Description Albert Astals Cid 2018-06-22 18:04:00 UTC
Created attachment 276753 [details]
lspci -vvv output

Setup:
 * Using Archlinux
 * Using wired network

Only difference is using kernel 4.17.2 vs kernel 4.16.13

When using 4.17.2, the network does not work after resuming from suspend. With 4.16.13 it works as expected.

My guess is that this is driver/hardware dependent since i have another machine with the same setup and it does not seem to have that regression.

I'm attaching the lspci output of 4.16.13.

Anything else I can provide or test to pinpoint where the regression happened please do not hesitate to ask.
Comment 1 Albert Astals Cid 2018-06-27 21:38:20 UTC
Same issue with 4.17.3
Comment 2 Albert Astals Cid 2018-07-05 08:12:07 UTC
More data points:
 * Works with 4.16.18
 * Fails with 4.17.4
Comment 3 Albert Astals Cid 2018-07-05 08:19:21 UTC
Adding Heiner to CC in case this is a regression in the r8169 driver
Comment 4 Heiner Kallweit 2018-07-09 07:59:48 UTC
Could you please provide a full dmesg output incl. boot, suspend, resume?
If the issue really affects a particular chip version only, it may be hard for me to reproduce the error. Can you bisect to check for the commit which broke network on your system?

To get the full picture:
"Network doesn't work" means link doesn't come up or link is up but no data traffic?
Does unloading and re-loading the r8169 module fix the network?
Comment 5 Albert Astals Cid 2018-07-09 23:18:39 UTC
Created attachment 277307 [details]
dmesg output

(In reply to Heiner Kallweit from comment #4)
> Could you please provide a full dmesg output incl. boot, suspend, resume?

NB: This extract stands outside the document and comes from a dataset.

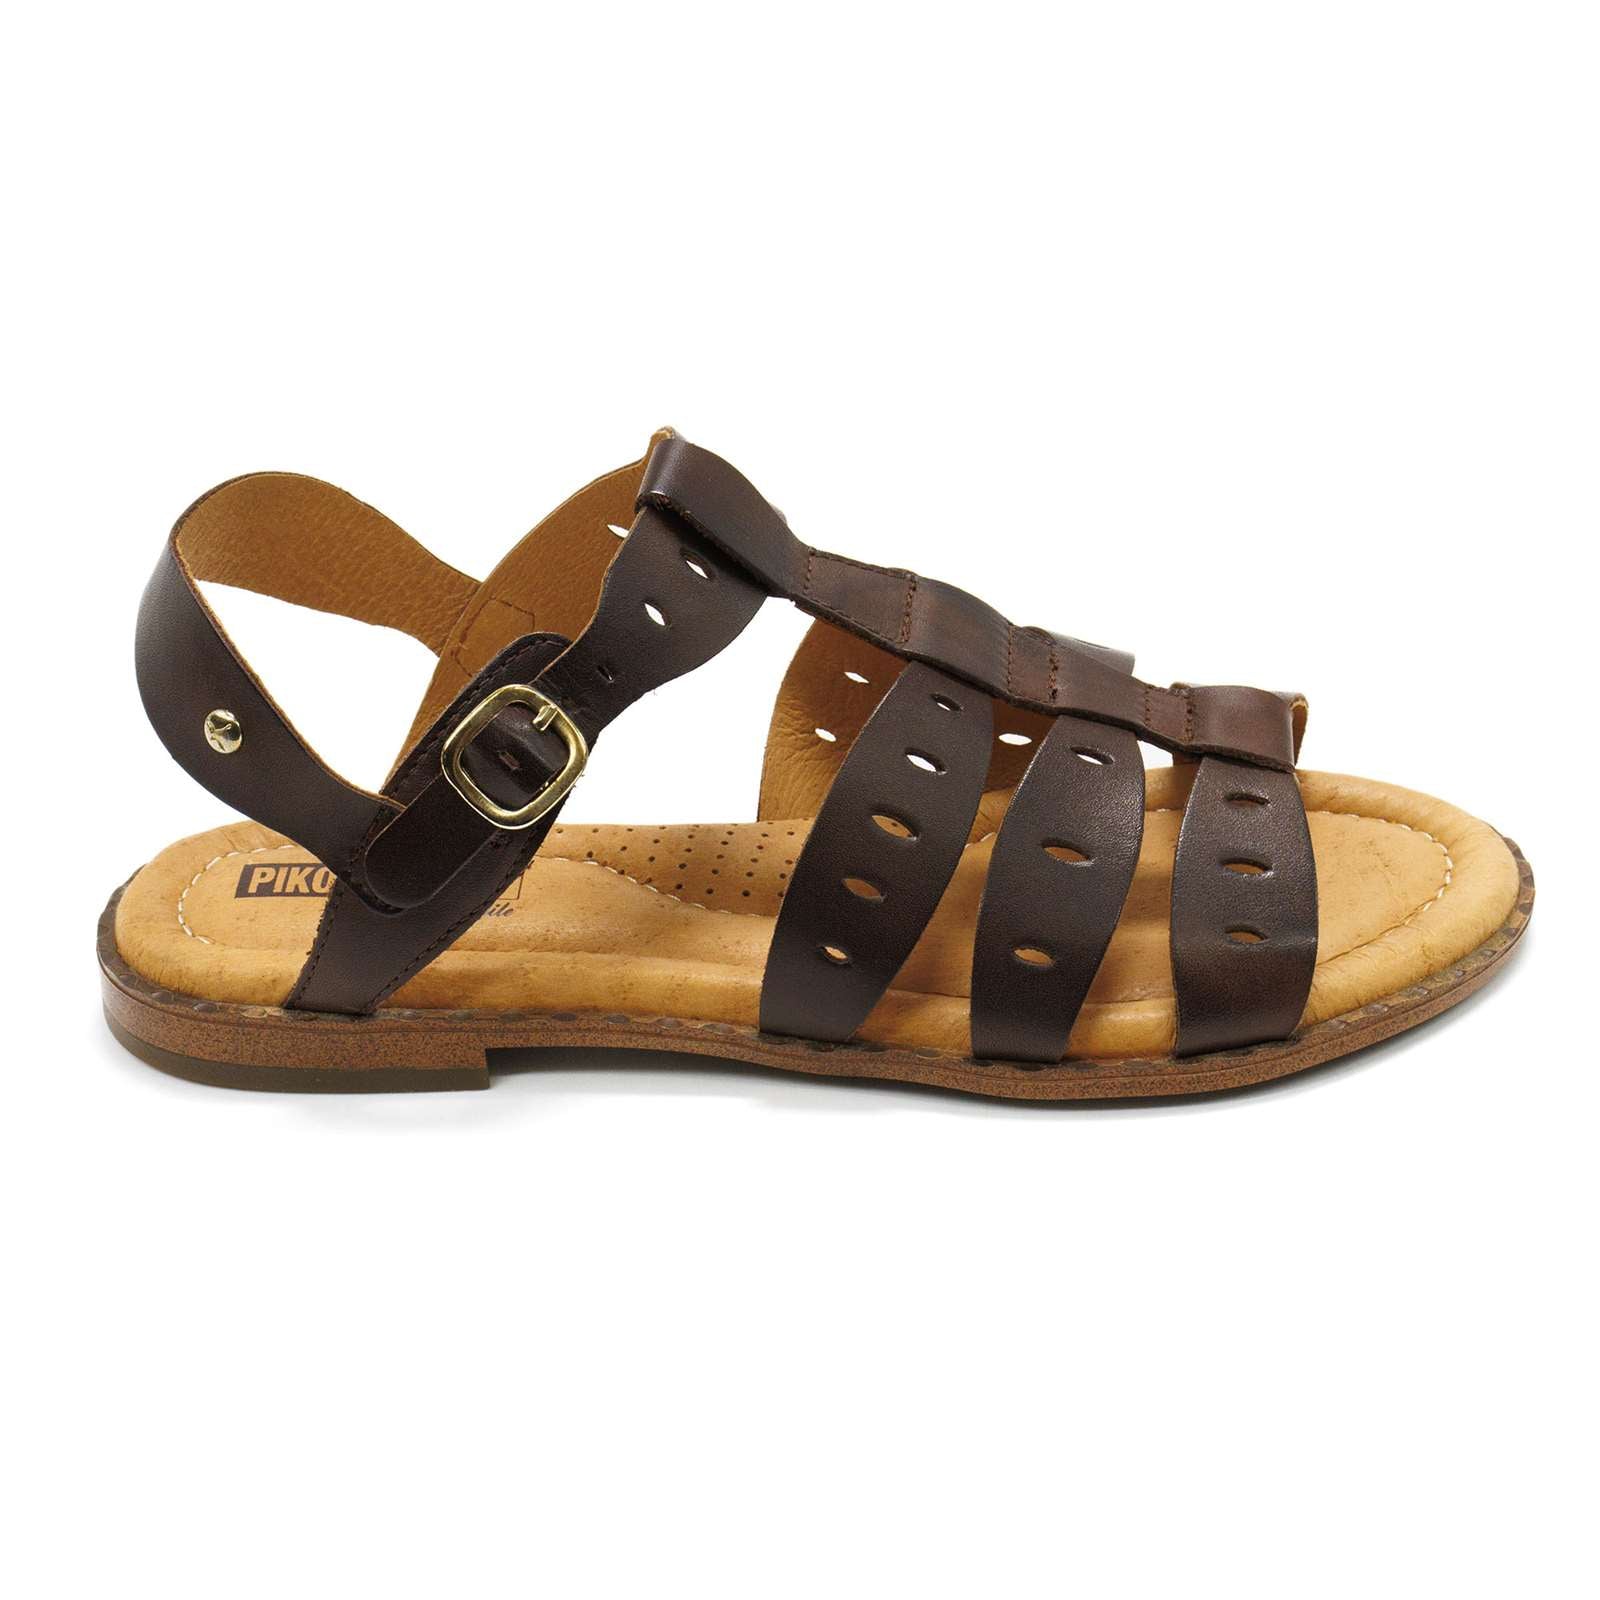 Pikolinos Women Algar Gladiator Leather Sandals

Attached, at 82.645476 is when i rmmod and modrprobe the r8169 module.

> If the issue really affects a particular chip version only, it may be hard
> for me to reproduce the error. Can you bisect to check for the commit which
> broke network on your system?

I tried building the kernel from git and ended up with an unbootable system :D Compiling tarballed versions is very easy in Archlinux so testing those is trivial, i need to figure out how to do it from git versions. 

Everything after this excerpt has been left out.